◆ The data
◇ ◇ ◇ ◇ ◇ ◇ ◇
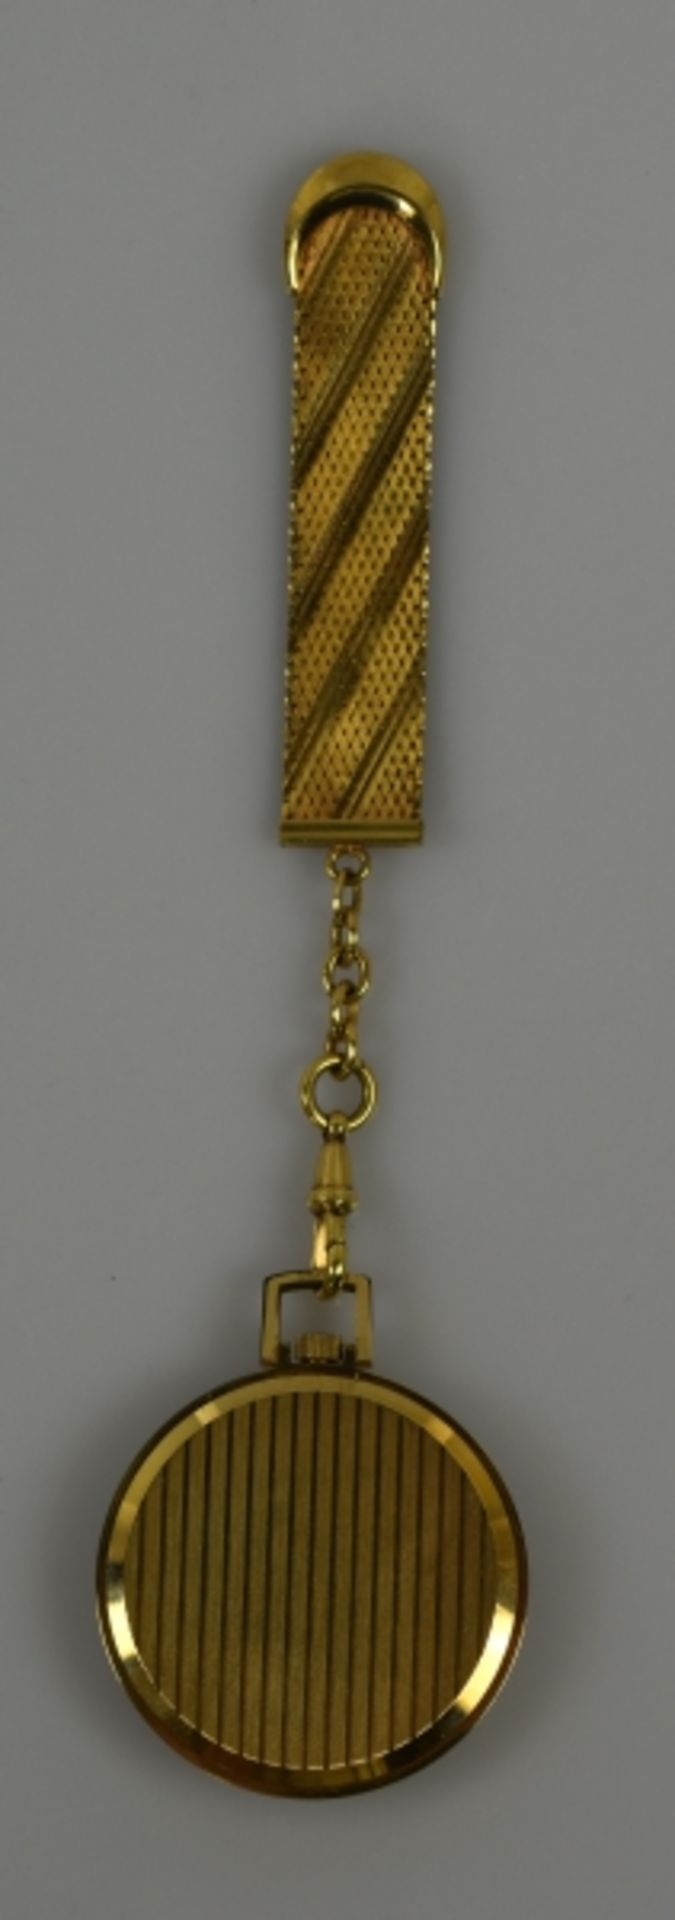 TASCHENUHR Habmann, vergoldetes Gehäuse mit hellem Zifferblatt, Goldindizes, Goldzeiger und Datum, - Bild 5 aus 5
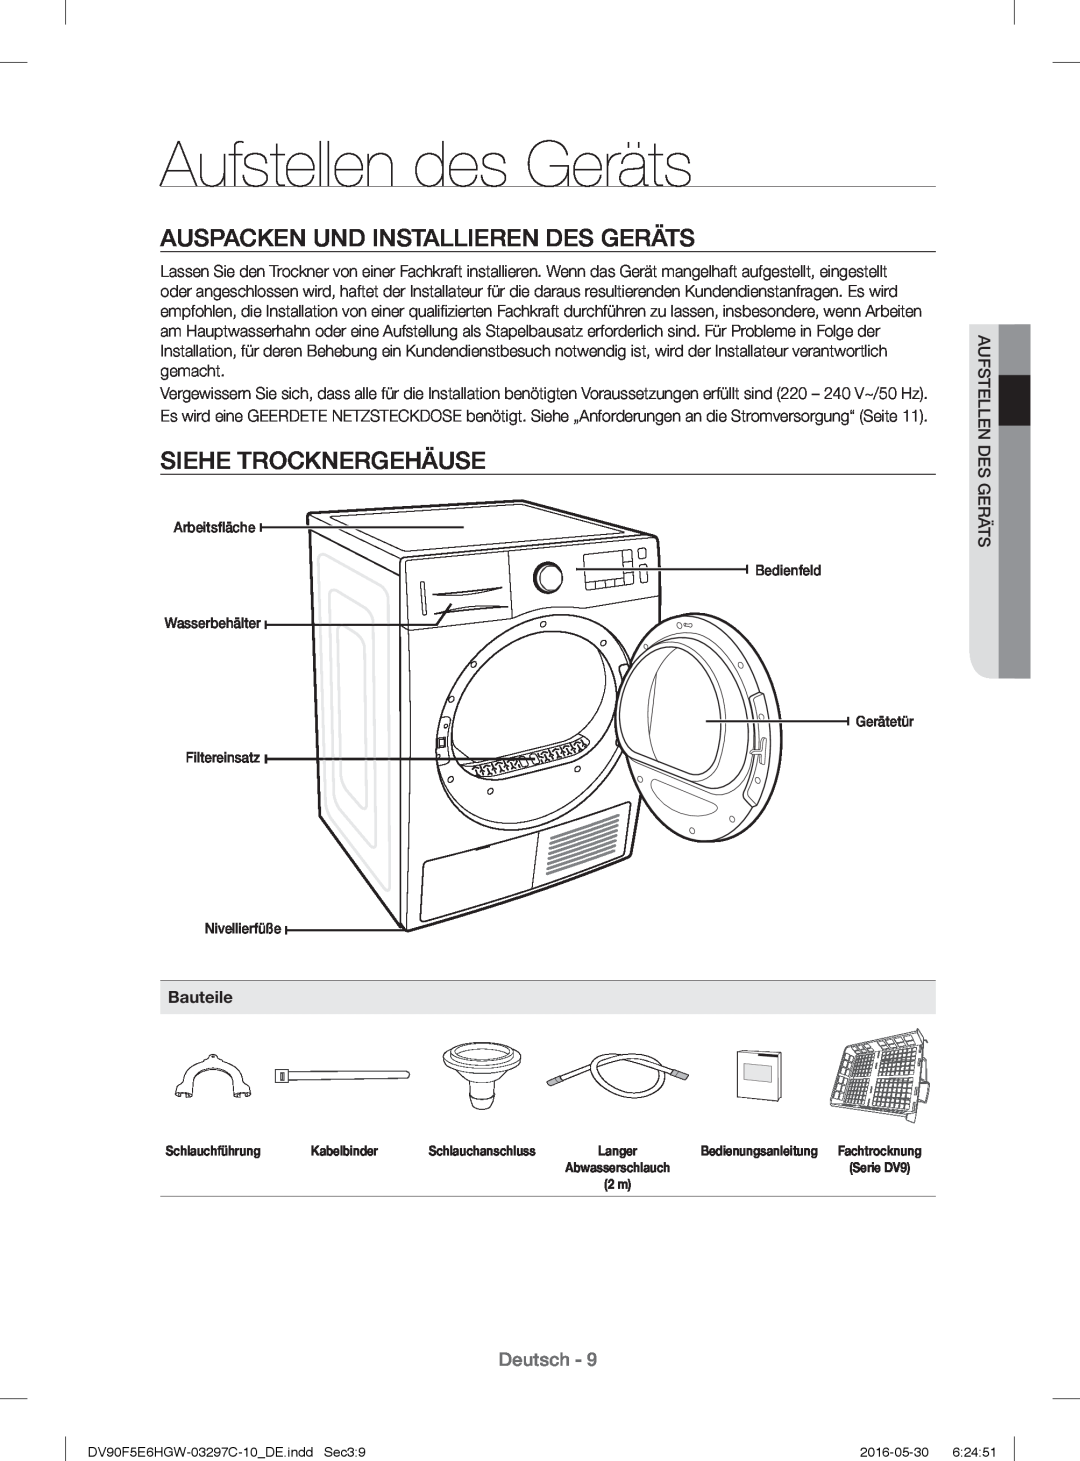 Samsung DV70F5E0HGW/EG manual Aufstellen des Geräts, Auspacken Und Installieren Des Geräts, Siehe Trocknergehäuse, Deutsch 
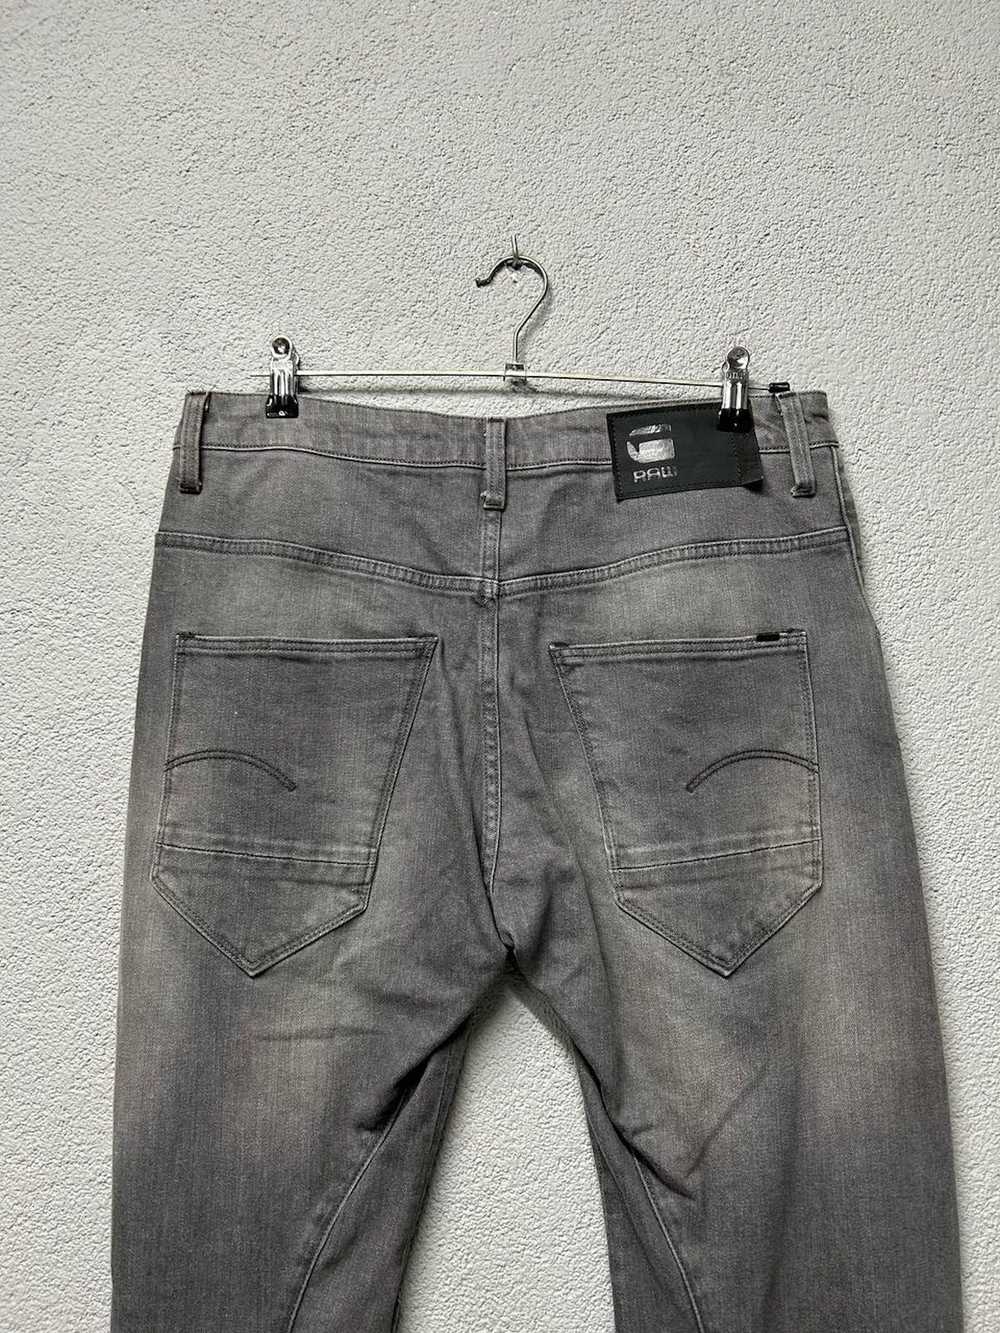 Gstar G Star Raw ARC 3d jeans mens W 30 L 34 - image 7
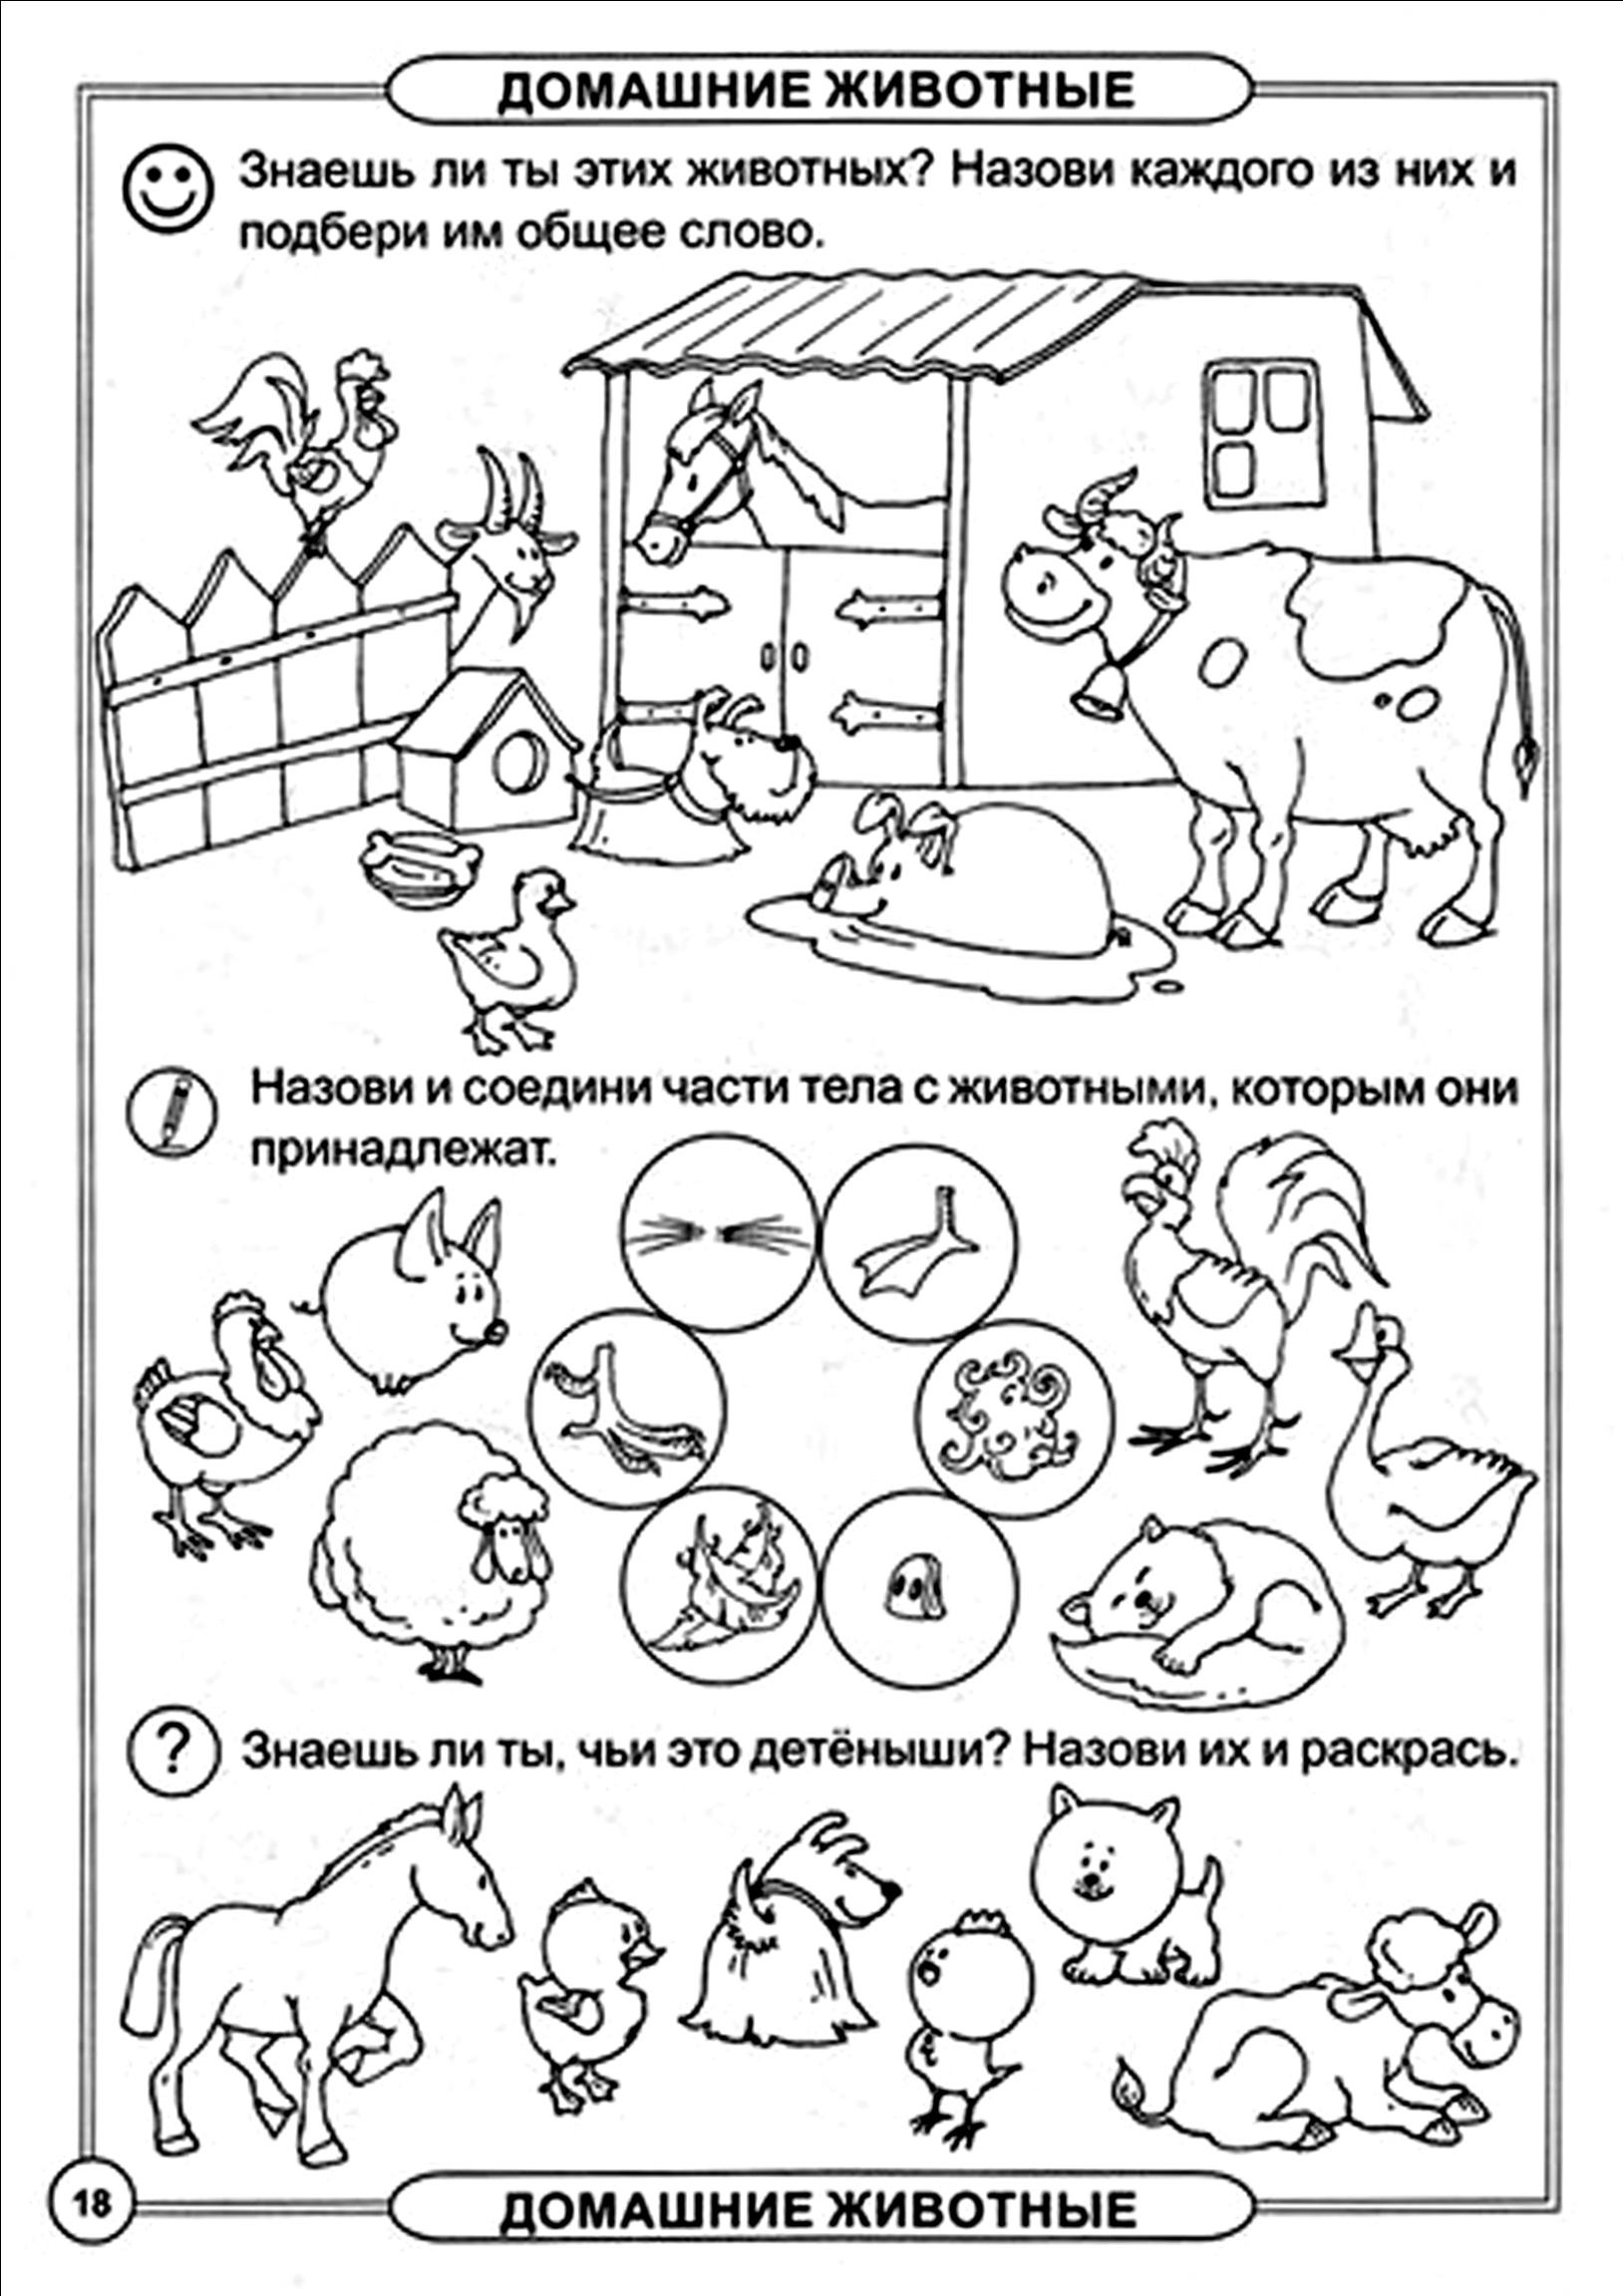 Домашние животные задания 3 4. Домашние животные задания для дошкольников 6-7 лет. Домашние животные задания для детей. Домашние животныехадания. Домашнее животные задания для дошкольников.
◇ ◇ ◇ ◇ ◇ ◇ ◇
◆ Action item
Without the pictures, repeat the listing above exactly.

◆ Solution
 TASCHENUHR Habmann, vergoldetes Gehäuse mit hellem Zifferblatt, Goldindizes, Goldzeiger und Datum, - Bild 5 aus 5
 Samsung DV70F5E0HGW/EG manual Aufstellen des Geräts, Auspacken Und Installieren Des Geräts, Siehe Trocknergehäuse, Deutsch 
 Gstar G Star Raw ARC 3d jeans mens W 30 L 34 - image 7
 Домашние животные задания 3 4. Домашние животные задания для дошкольников 6-7 лет. Домашние животные задания для детей. Домашние животныехадания. Домашнее животные задания для дошкольников.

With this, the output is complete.